LOONY TUNES no. 147
1
Kevin Wheeler, chaplain, posts (1 July) on WMI Central
Dear GG:
“I heard this on the radio the other day and it so represents me: “I feel powerless. I have to stop the invisible hand; but I’m anonymous.” That is me! That is precisely how I feel. There is so much bad news everyday. The shootings ... the fire ... sadness all around, and it seems that there is nothing I can do about it. — Anonymous & Powerless 2
Dear A&P2,
Amazingly, there is something you and others can do. However, first of all, allow me to say that I really believe the invisible hand that you feel so desperate to stop is the hand of complacency or maybe just the lack of brotherly love (old school manners) which permeates our new America.”
2
Leonid Bershidsky posts on Bloomberg Opinion HERE
“Perceptions matter much more to the price of of oil than supply and demand”
“Bank analysts are predicting the oil rally of recent weeks isn't going to last. It's important, though, to reflect on why the rally happened in the first place. It was never about supply and demand as such, but about the market's perception of where they were going. If oil prices head south again, that, too, will be a result of guesswork. Traders should know there is an element of self-fulfilling prophecy -- for the long term, as well as the short term -- in their pronouncements about today's oil market.
Crude oil prices started falling last September. Brent oil crashed by almost 55 percent by mid-January, but it's up about 32 percent since …
… But the price of oil is another matter. That's going to depend on the headlines that reflect those national interests and technological advances -- or perhaps some new short term factors of the day. Traders rarely lack explanations for the numbers that skip across their screens.”
3
Eric Akobeng posts in South African Journal of Ecoomics HERE
“The Invisible Hand of Rain in Spending: Effect of Rainfall-Driven Agricultural Income on Per Capita Expenditure in Ghana”
Abstract
“This paper uses a nationally representative household pseudo-panel dataset for Ghana, a rain-fed agriculture economy, to investigate whether there is a positive relationship between rainfall-driven agricultural income and household per capita expenditure. By using the Two Stage Least Squares Instrumental Variable (2SLS-IV) estimator, it is found that a fall in rainfall-driven agricultural income leads to a decrease in per capita expenditure. The results show that the gender and the locality of the household head matter in the response of per capita expenditures to rainfall-driven agricultural income. Female-headed and rural households are more vulnerable to rainfall-driven agricultural income changes.
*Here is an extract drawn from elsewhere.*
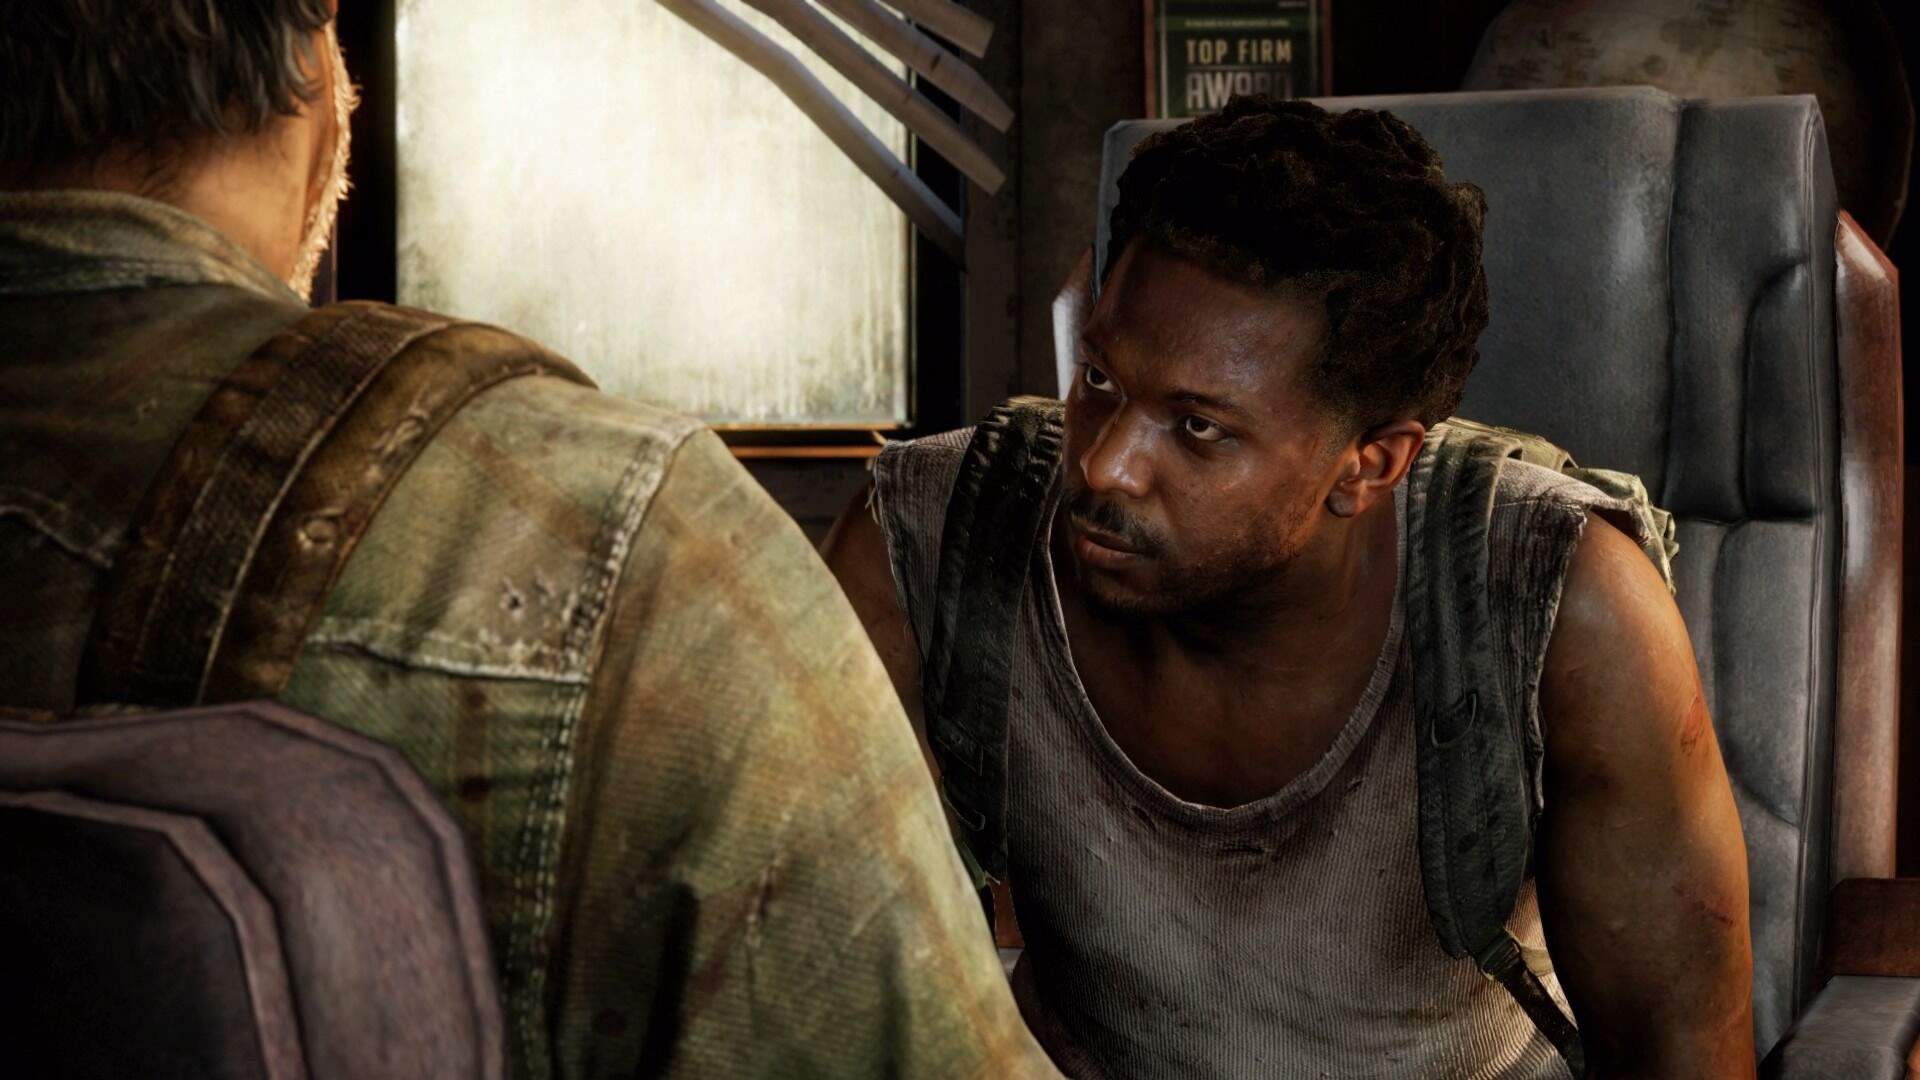 Who Is Henry in 'The Last of Us' and Why Does Kathleen Hate Him? - IMDb

The expenditure disaggregation indicates that female-headed households significantly reduce per capita non-food expenditure in times of rainfall-induced agricultural income decrease whilst the response of male-headed households focuses more on reducing per capita food and remittance expenditures.”
4
Lila Wallrich posts (1 July) on Comstocks (business insight for the capital region) HERE
“Why Crowdsourced Branding is a Bad Idea”
“Do you really want to weed through dozens of mediocre designs?
“The wisdom of crowds can be a remarkably potent thing. For example, Adam Smith’s famous phrase “invisible hand” identifies the phenomenon in which buyers and sellers collectively determine value better than any one person can.”
Comment
Prices cannot be determined by one person because there are at least two persons in every price decision: a buyer and a seller.
As for Adam Smith ‘identifying the phenomenon” of collective price decisions as the “invisible hand”, that too is absolute nonsense.
His use of the “invisible hand “metaphor in economics had nothing to with pricing.
Lila should check Smith’s Wealth of Nations [$10 gets you $100, she has never read it]. His reference was about investing locaqlly rather than abroad because the merchant concerned was averse to his perceived risks of investing abroad. Lila, turn to Smith’s Wealth of Nations, 1776: Book 4: IV.ii.paragrahs 4 to, page 454).